The signal cable 16, which is connected to the ultrasonic transducer 15b and extends through the ultrasonic probe 12 and through the universal cord to the connector, normally has a length of about 3 to 4 m, but the diameter of the ultrasonic probe 12 is In order to make it thinner, the diameter of the signal cable 16 must also be made thinner. Although this is necessary to reduce patient pain, this increases capacitance and conductive resistance, resulting in poor S/N ratio and deterioration of ultrasound images. Therefore, it is desired to reduce the diameter of the insertion portion of the ultrasound probe 12 without degrading the image quality.

Therefore, in this embodiment, the signal cable 16 passes through the operation section 3 and extends to the connector 6, but it is connected via a relay board (not shown) provided in the circuit section inside the operation section 3. The diameter of the signal cable 16 is made different between the ultrasonic probe 12 side and the connector 6 side. In other words, the length of the signal cable from the array 15 in the tip chip 13 to the board in the circuit section is about 1 to 1.5 m, but it is AWG 3.
The length of the signal cable from the board to the connector 6 is about 3 m, and a cable of about 8W632 to 36 is used. By doing this, the capacitance of a small diameter signal cable is about 90 to 110 pF, but the capacitance of a large diameter signal cable can be reduced to 70 pF or less, so the total capacitance of the entire length is As a result, the S/N ratio is improved, and image quality deterioration can be suppressed as much as possible.

〔Effect of the invention〕

As described above, according to the present invention, by configuring the sheath portion in the vicinity of the distal tip to be easily bendable, a slight push can easily cause the distal tip to be applied according to the angle of the target area. can be brought into contact with This makes it possible to obtain clear ultrasound images necessary for ultrasound diagnosis. Furthermore, there is no need for a complicated configuration for bending operation as in the conventional art.

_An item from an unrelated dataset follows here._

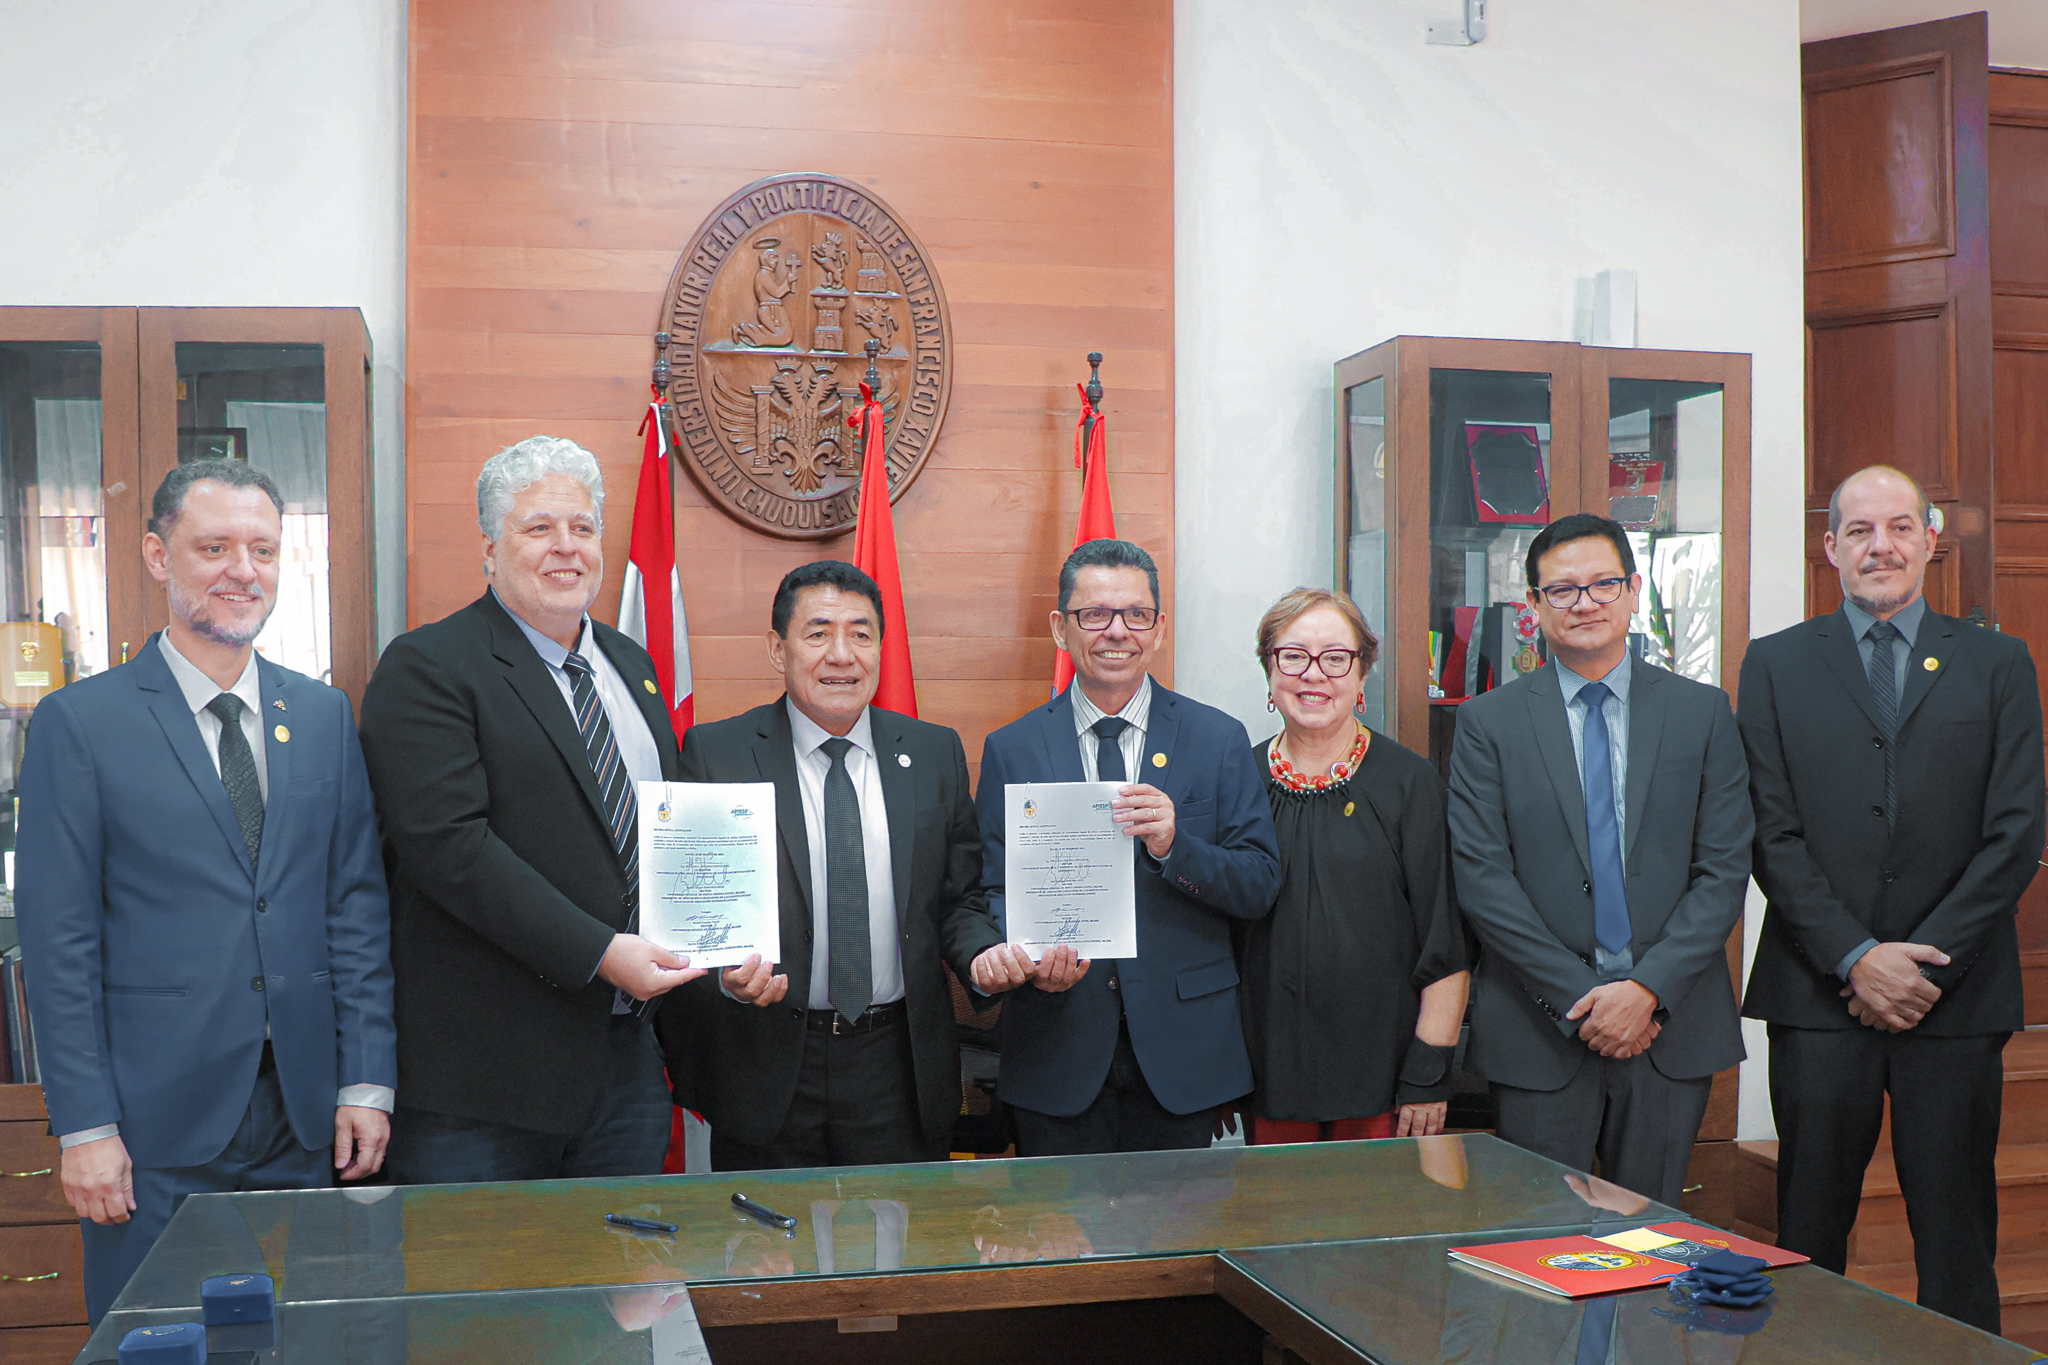 Apiesp firma acordo com universidade mais antiga da Bolívia

[Brief explanation of the drawing]

FIG. 1 is a perspective view of an endoscope apparatus using an ultrasound probe of the present invention, FIG. 2 is a cross-sectional view showing a main part of an embodiment of the present invention, and FIG. 3 is a front view of the same. FIG. 4 is a sectional view showing the state of use. 9...Tip rigid part 19a...Channel 1
3... Tip tip 14... Sheath part 15.
...Array 15b...Ultrasonic transducer 17
...Acicular portion 18...Roughly wound coil portion 19
... Closely wound coil part 20 ... Tube patent applicant Olympus Optical Industry Co., Ltd.

Claims (1)

[Claims] 1. In an ultrasonic probe that is used by being inserted into a required channel of an endoscope, an ultrasonic transducer is attached to the distal end surface of a distal tip provided with a contact surface to the subject. A flexible sheath part continuous to the tip is formed so that a required part near the tip has a higher degree of flexibility than other parts. 1. An ultrasonic probe characterized in that a distal tip is bent by a pressing force from an ultrasonic transducer so that a contact surface of an ultrasonic transducer can come into contact with a target region of a subject.